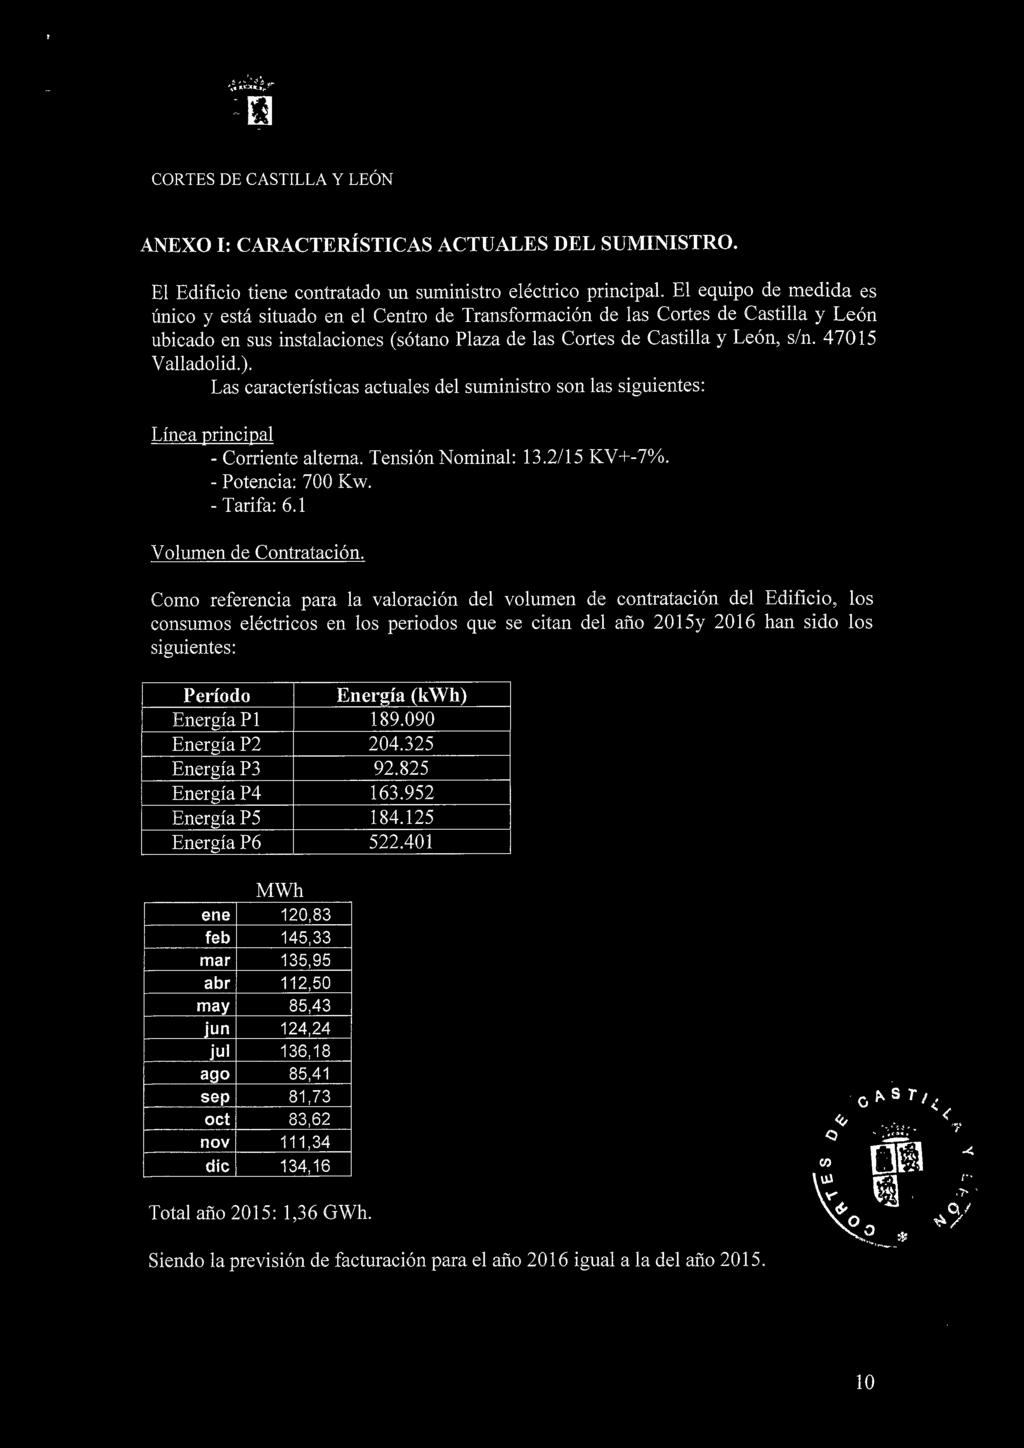 47015 Valladolid.). Las características actuales del suministro son las siguientes: Línea principal - Corriente alterna. Tensión Nominal: 13.2/15 KV+-7%. - Potencia: 700 Kw. - Tarifa: 6.
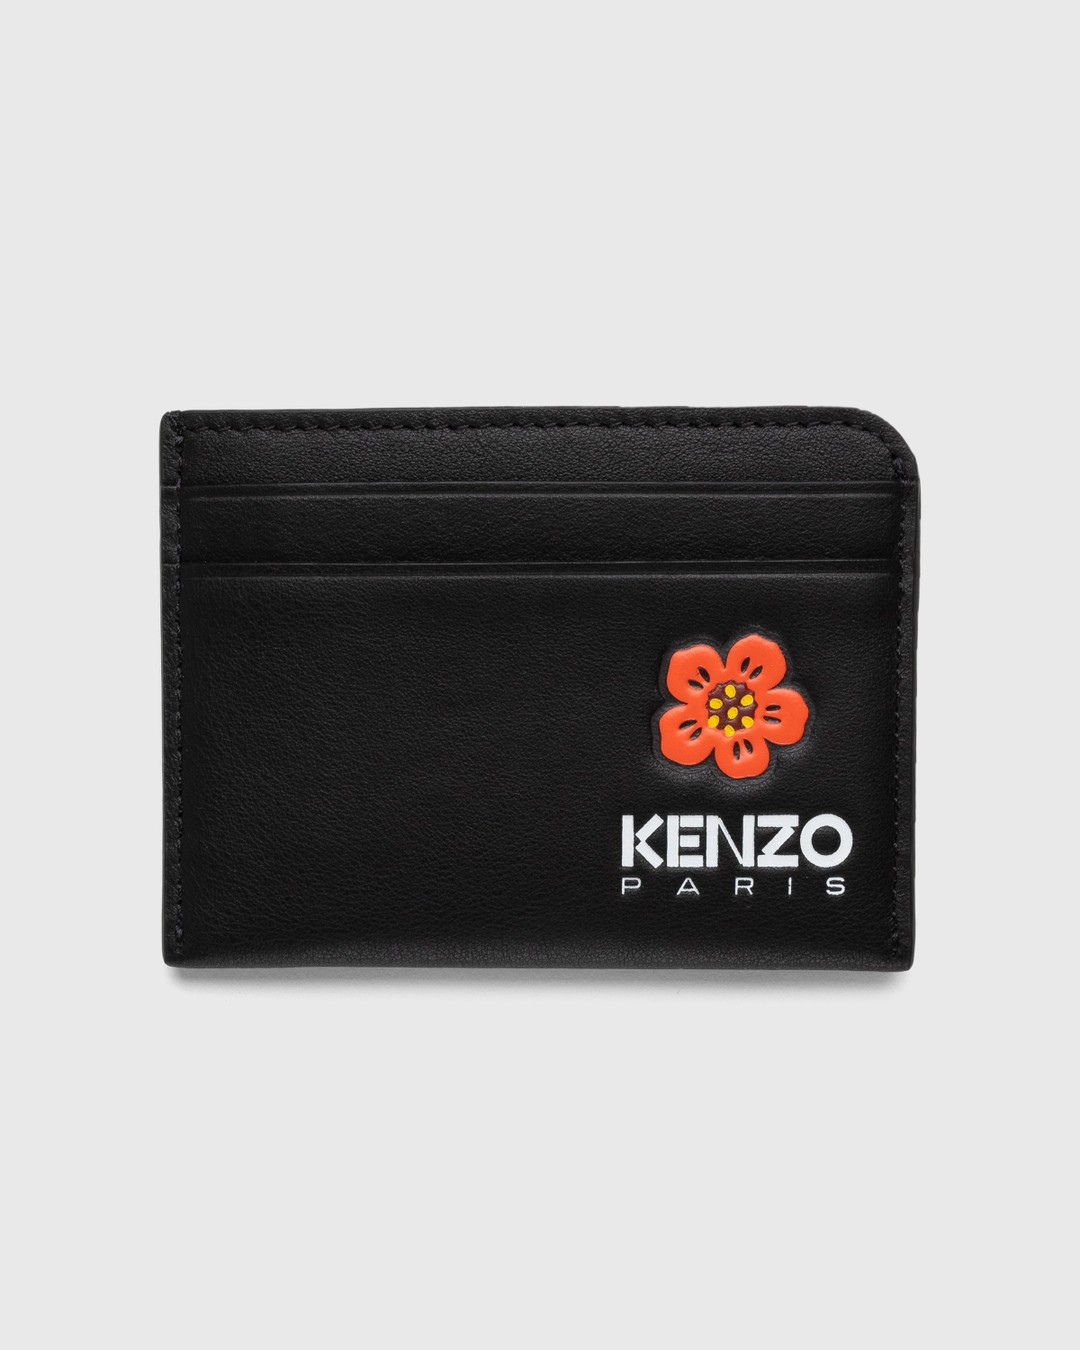 Kenzo – Crest Cardholder Black - Card Holders - Black - Image 1
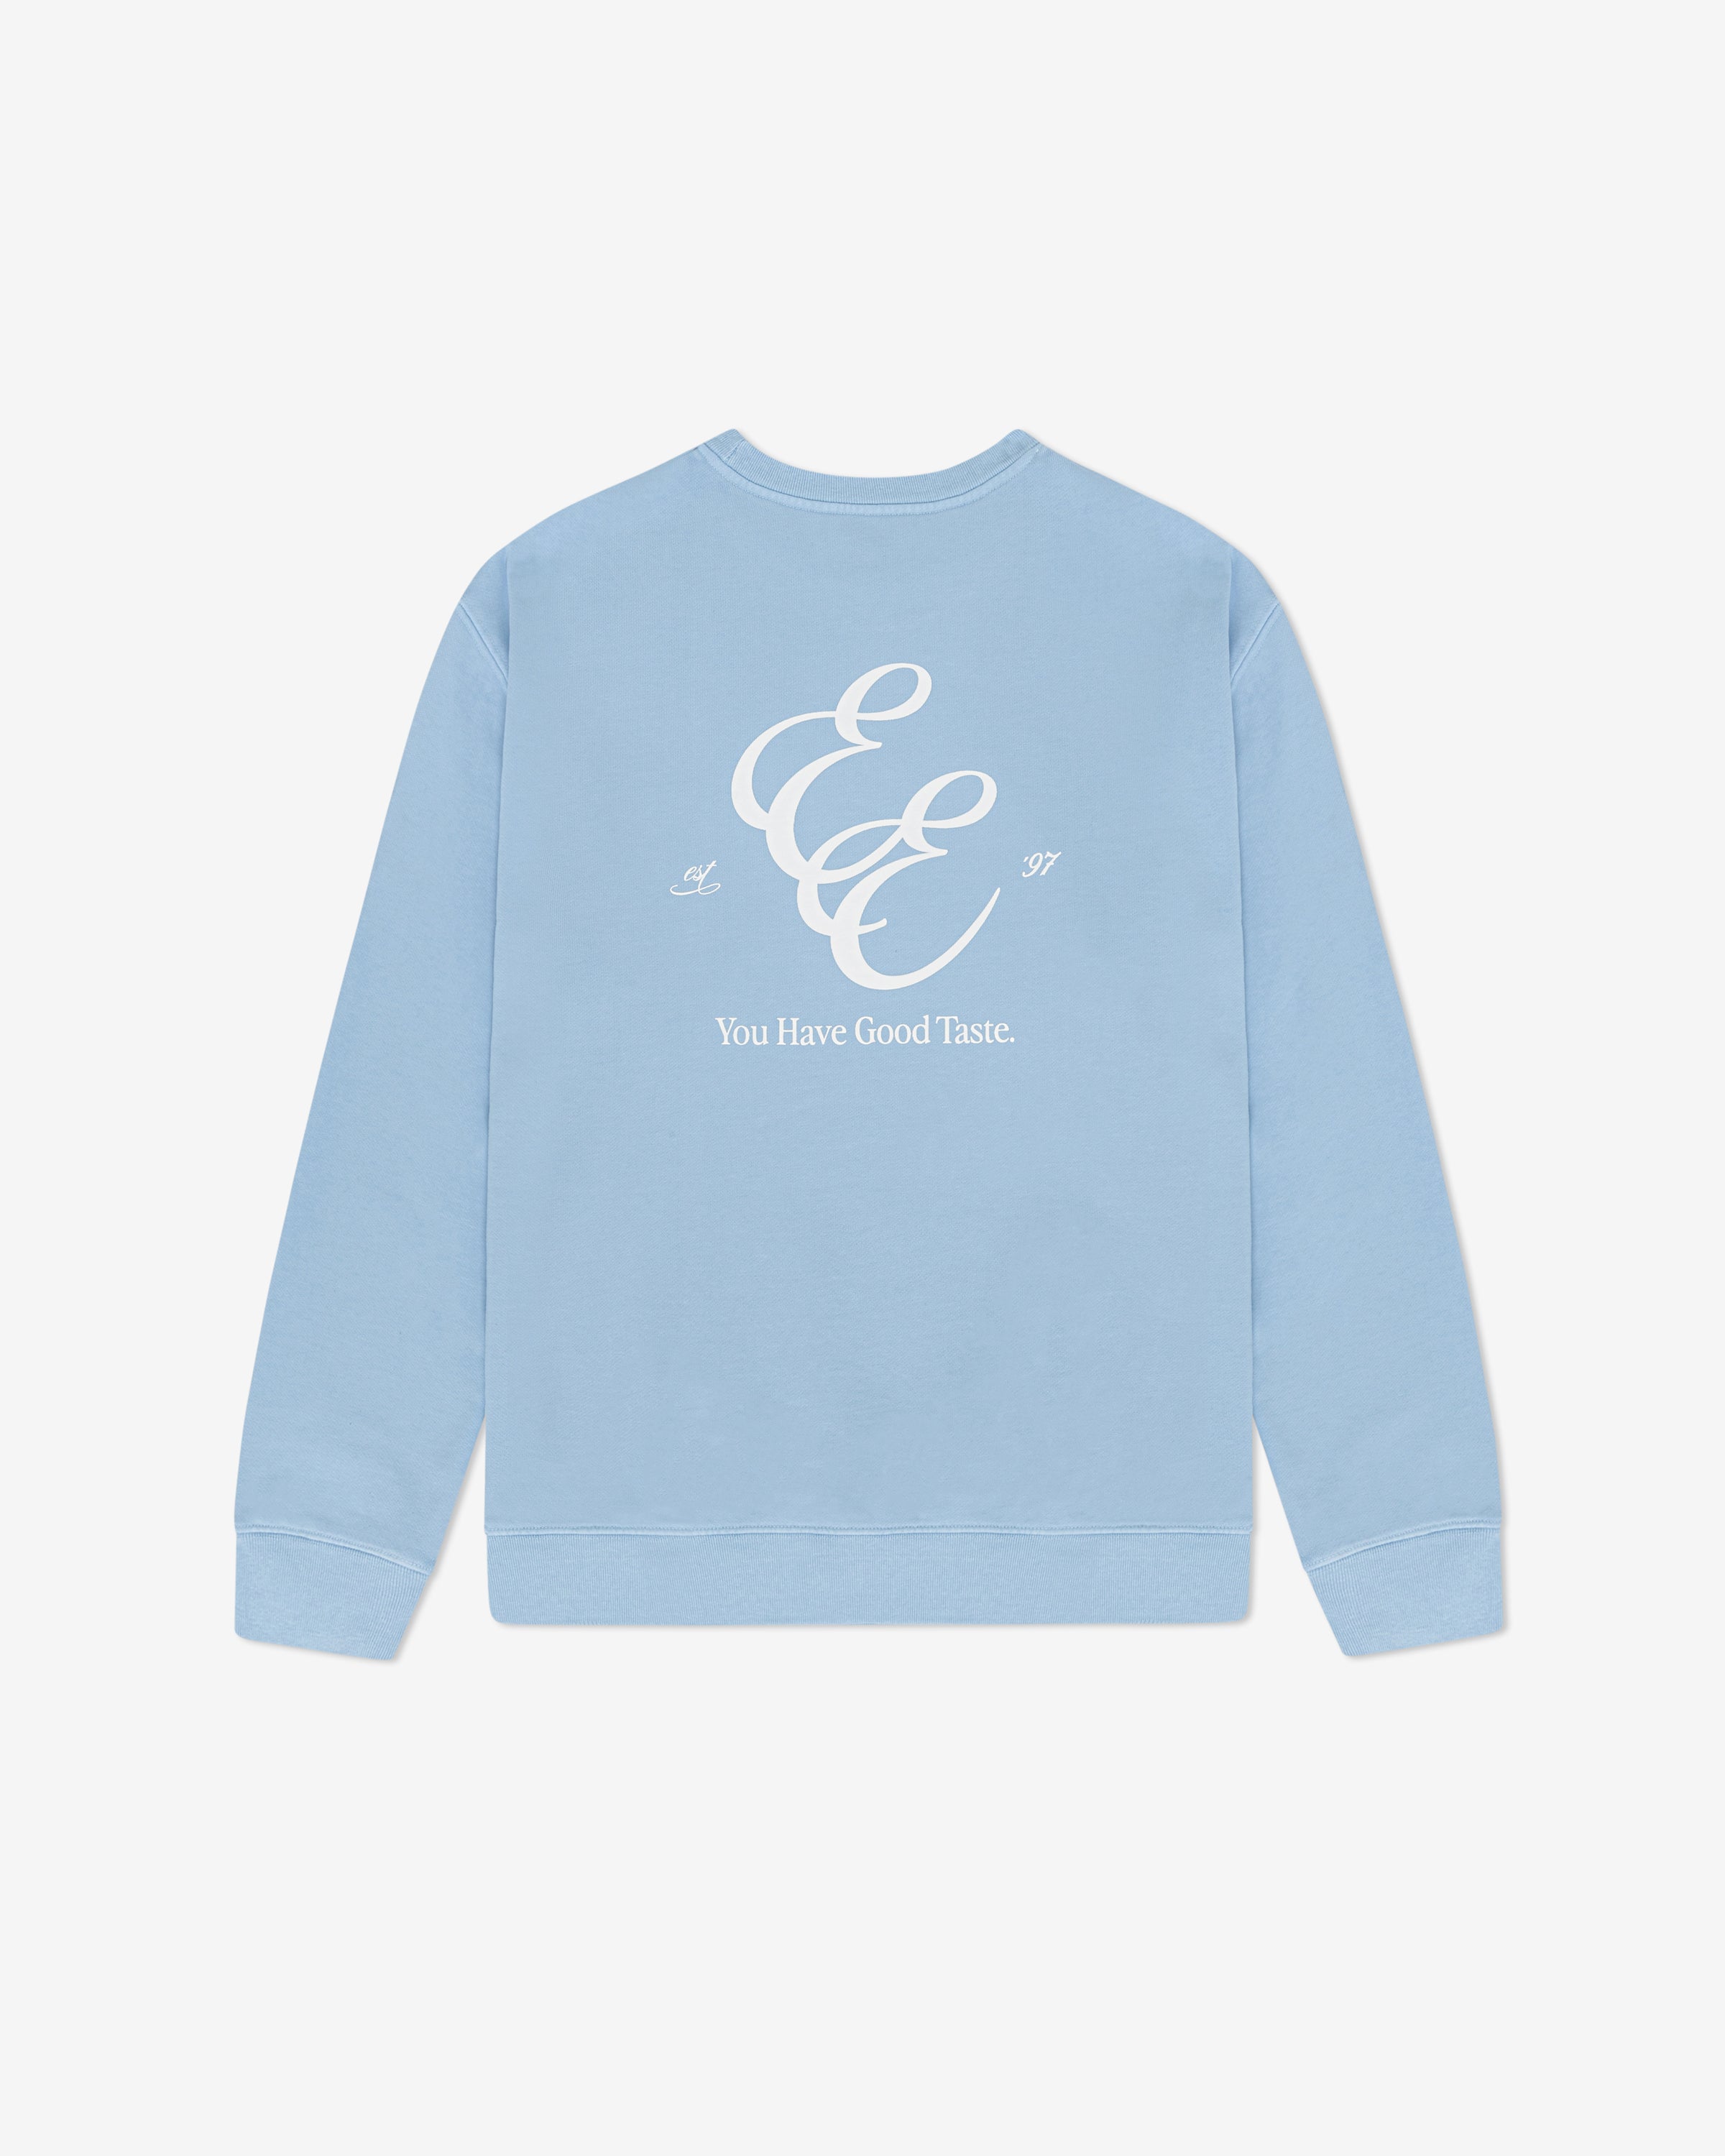 '97 Crewneck Sweatshirt

■ **Your instructions**
All of the material must be given again exactly, though no picture may appear in the copy.

■ **Answer to the problem**
 47015 Valladolid.). Las características actuales del suministro son las siguientes: Línea principal - Corriente alterna. Tensión Nominal: 13.2/15 KV+-7%. - Potencia: 700 Kw. - Tarifa: 6.
 Kenzo – Crest Cardholder Black - Card Holders - Black - Image 1
 '97 Crewneck Sweatshirt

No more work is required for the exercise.